The method disclosed in the present invention combines beam scanning, overlapping and pattern rotation (randomization) provides a powerful yet simple technique for optimal results of laser refractive surgery which involves both clinical aspects (ablation diopter, ablation optical zone, smoothness, patient centration and operation speed) and engineering aspects (beam profile, uniformity, stability, energy, spot size and delivery systems).
It is worth emphasizing that the concept of achieving a smooth ablation surface by using the randomly rotated scanning pattern as disclosed in the present invention would not be demonstrated if the microsensor were not used to measure the PMMA profiles. I have preformed hundreds of PMMA profile analyses at various laser parameters together with the theoretical model presented in equations (1)-(5) are the key factors behind the present process. Furthermore, the refractive correction profile, governed by equation (1) would be very difficult to justify after the scanning method is applied to the target (PMMA and corneal tissue) if the microsensor is not available to the user. The PMMA data presented in the present invention have also been employed on corneas, where hundreds of patient's have been treated by the Compak-200, Mini-Excimer with predictable power corrections and smooth tissue ablation. Clinical results are to be presented in optthalmology conferences.

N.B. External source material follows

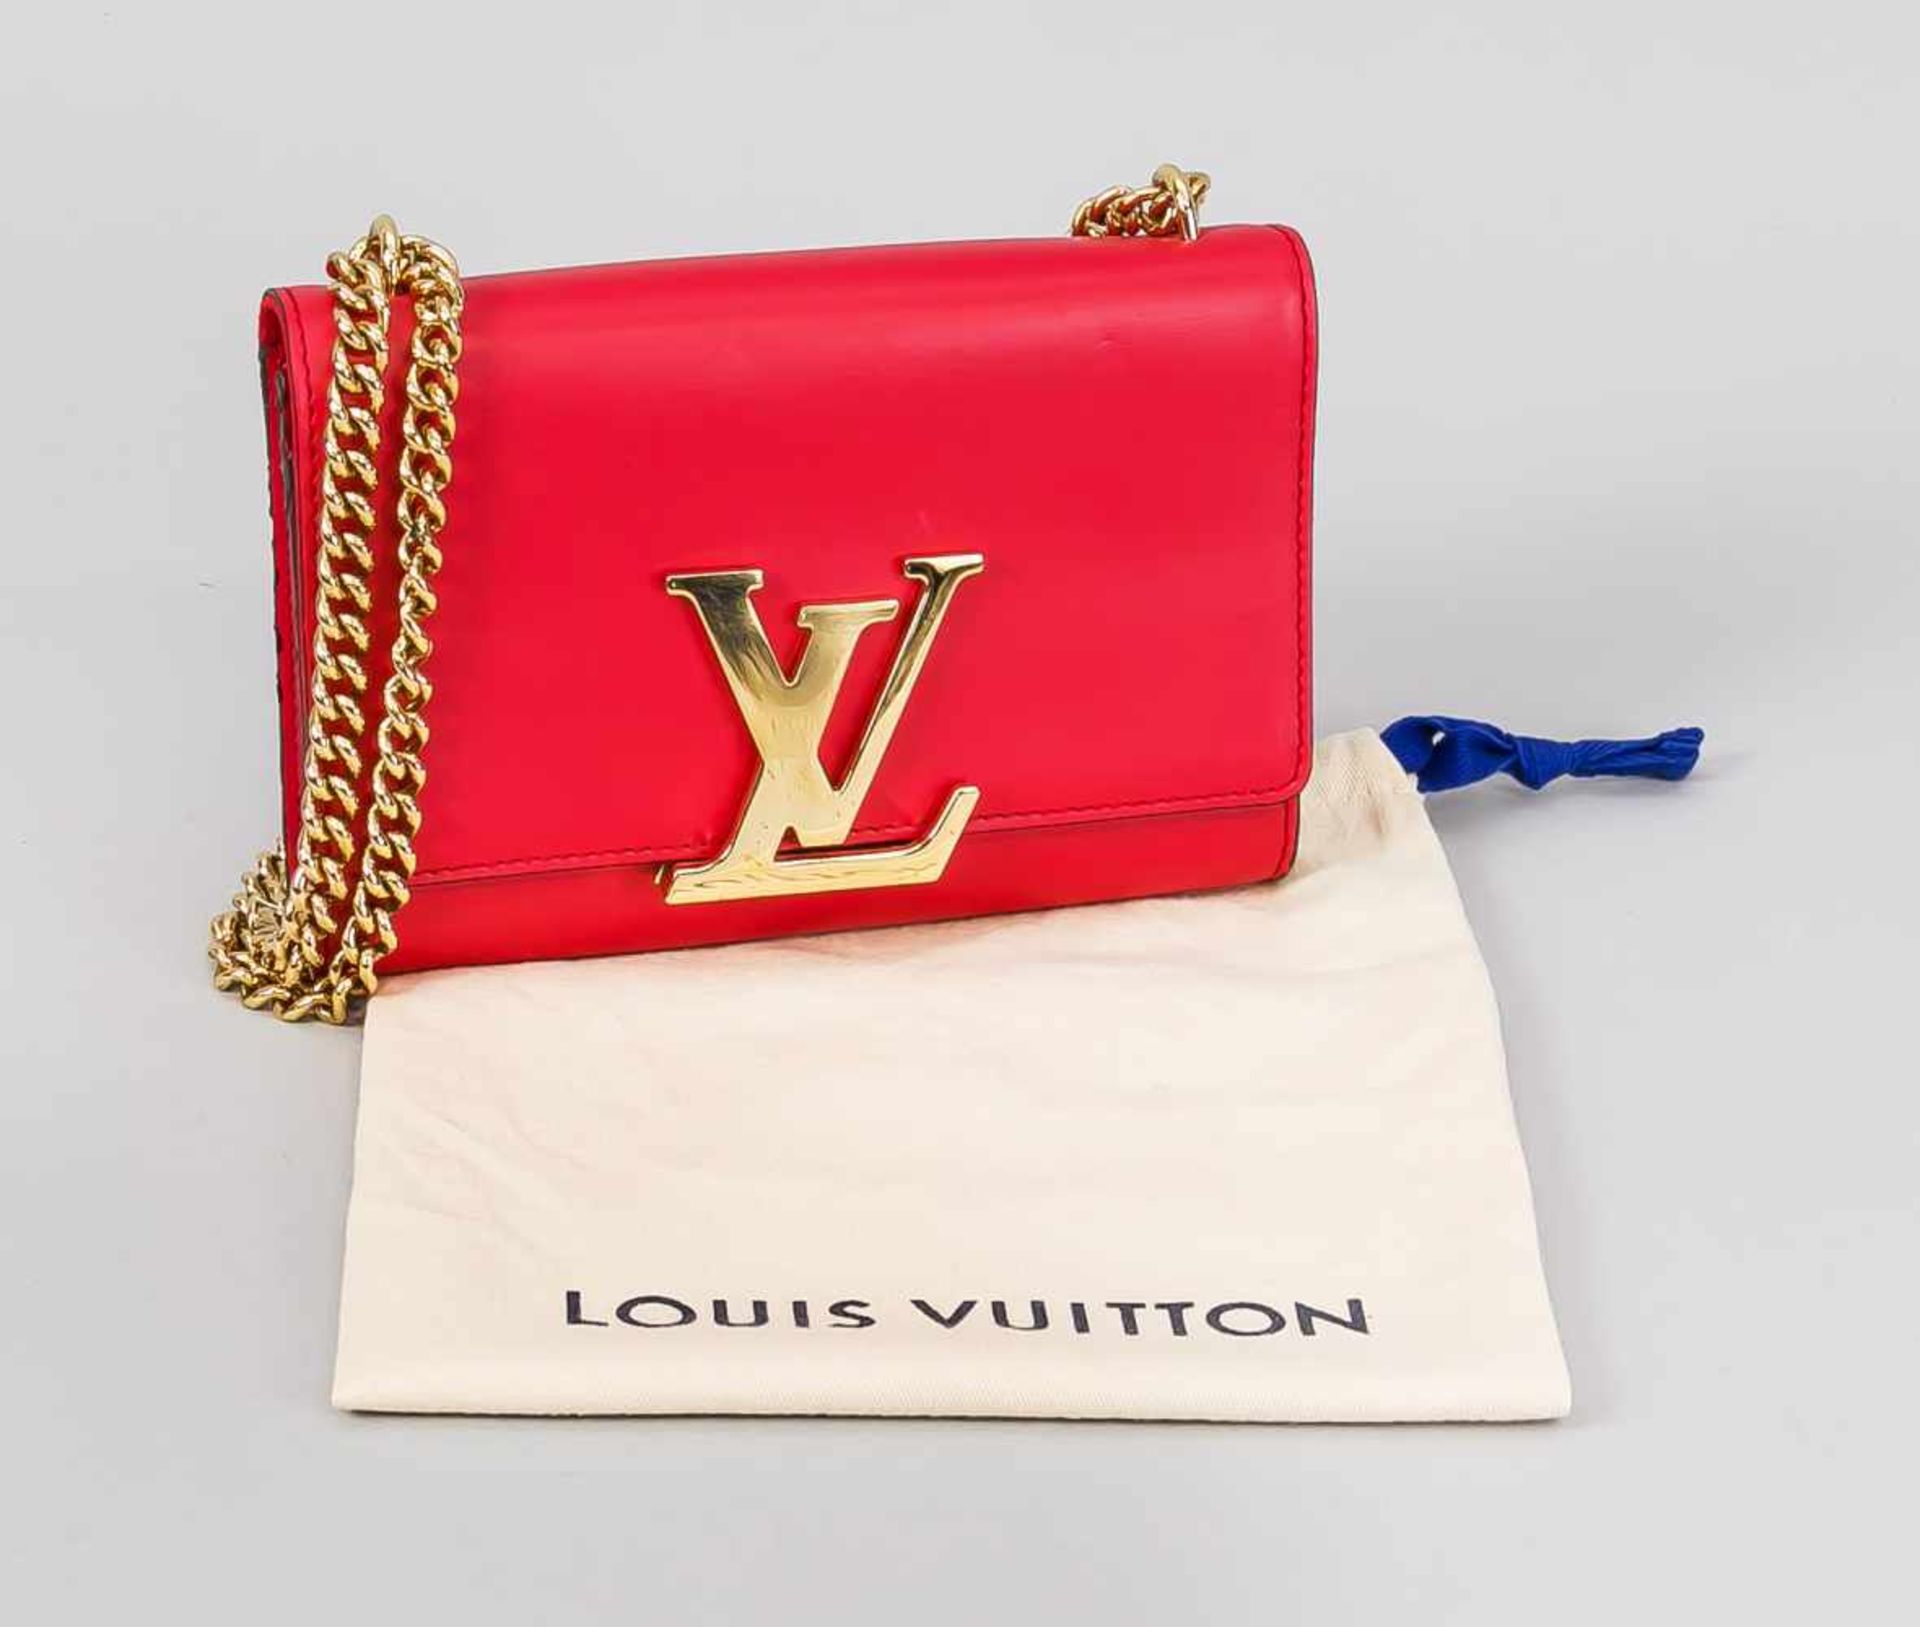 Louis Vuitton Handtasche Louise in Rot, 21. Jh., mit Original Rechnung LV-Store München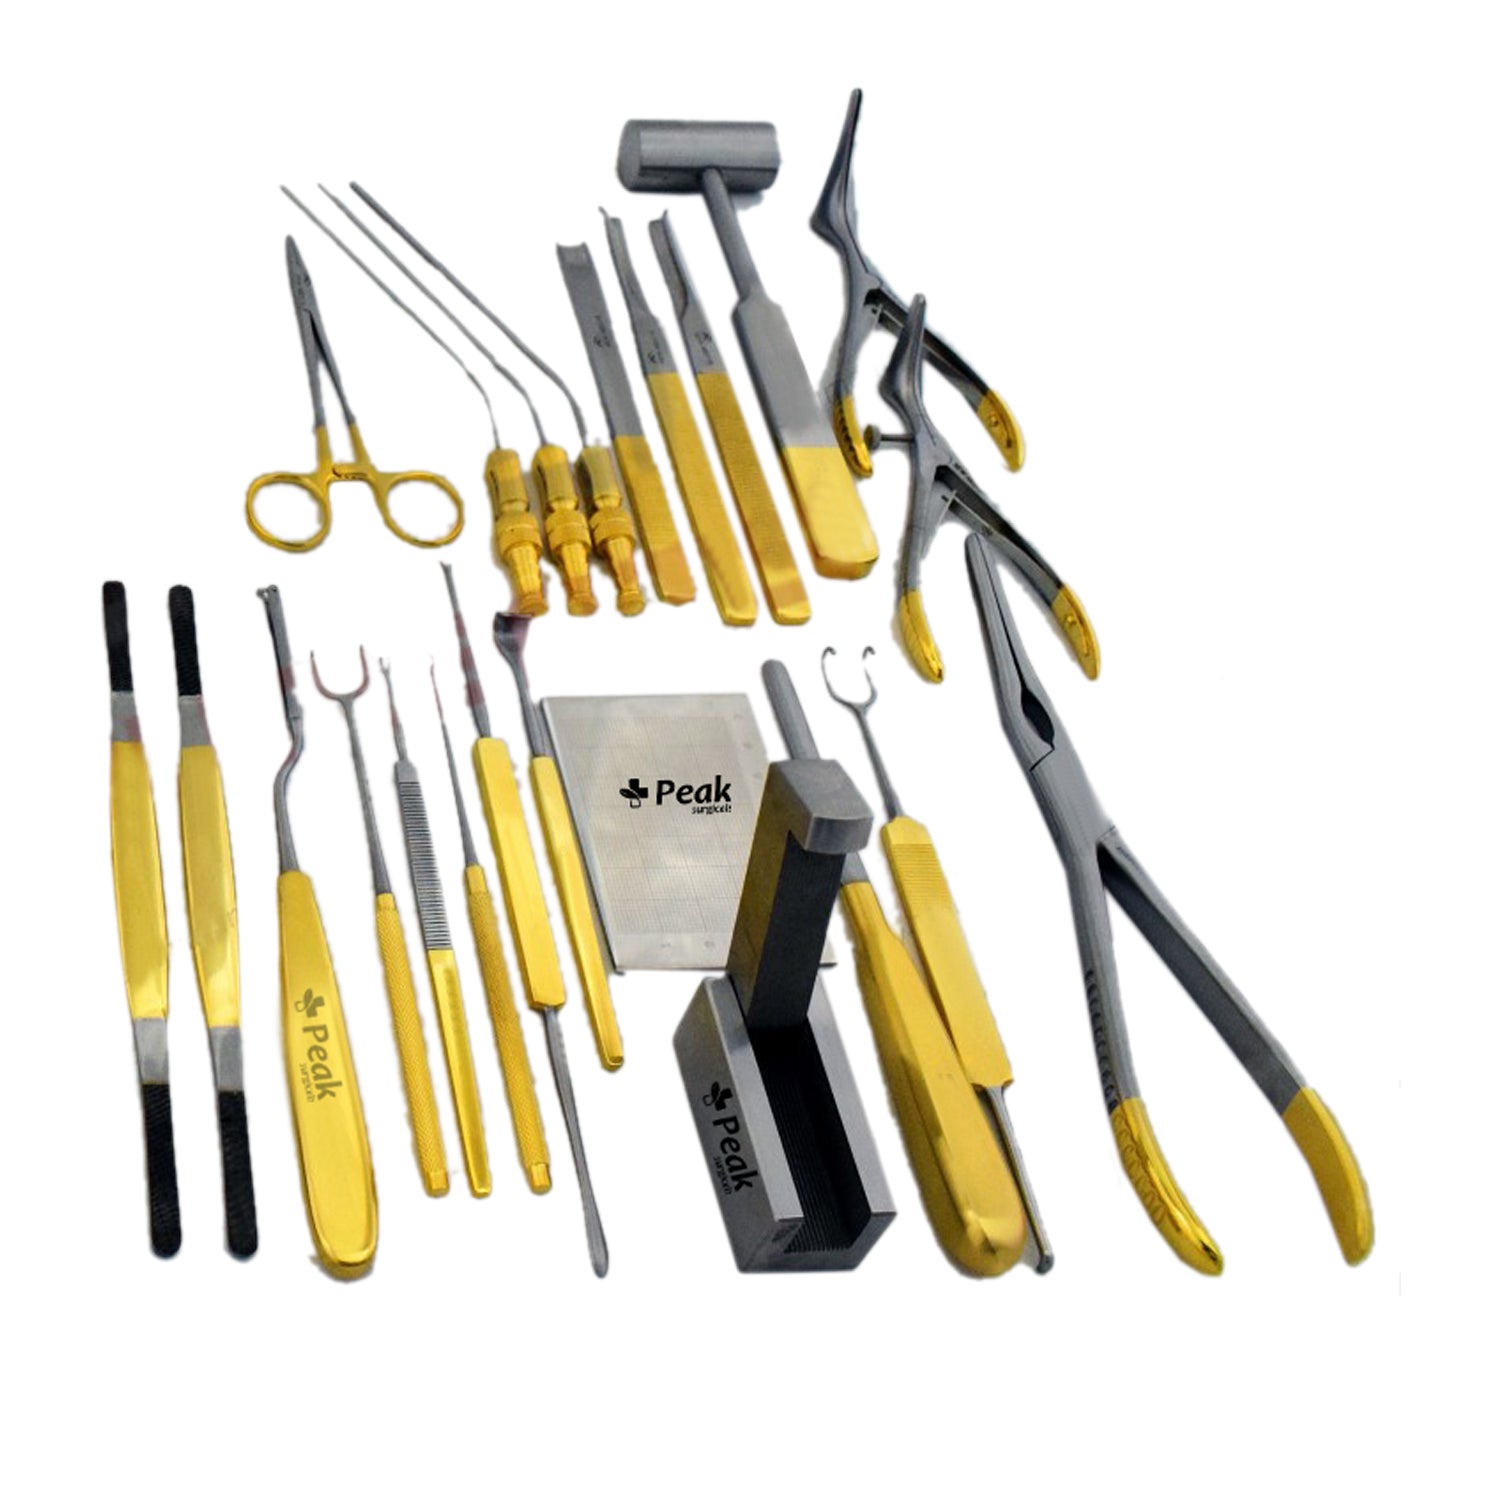 Rhinoplasty Instruments Set

While the invention has been shown and described with reference to the preferred embodiments thereof, it will be understood by those skilled in the art that the foregoing and other changes and variations in form and detail may be made therein without departing from the spirit, scope and teaching to the invention. Accordingly, the method and apparatus, the ophthalmic applications herein disclosed are to be considered merely as illustrative and the invention is to be limited only as set forth in the claims.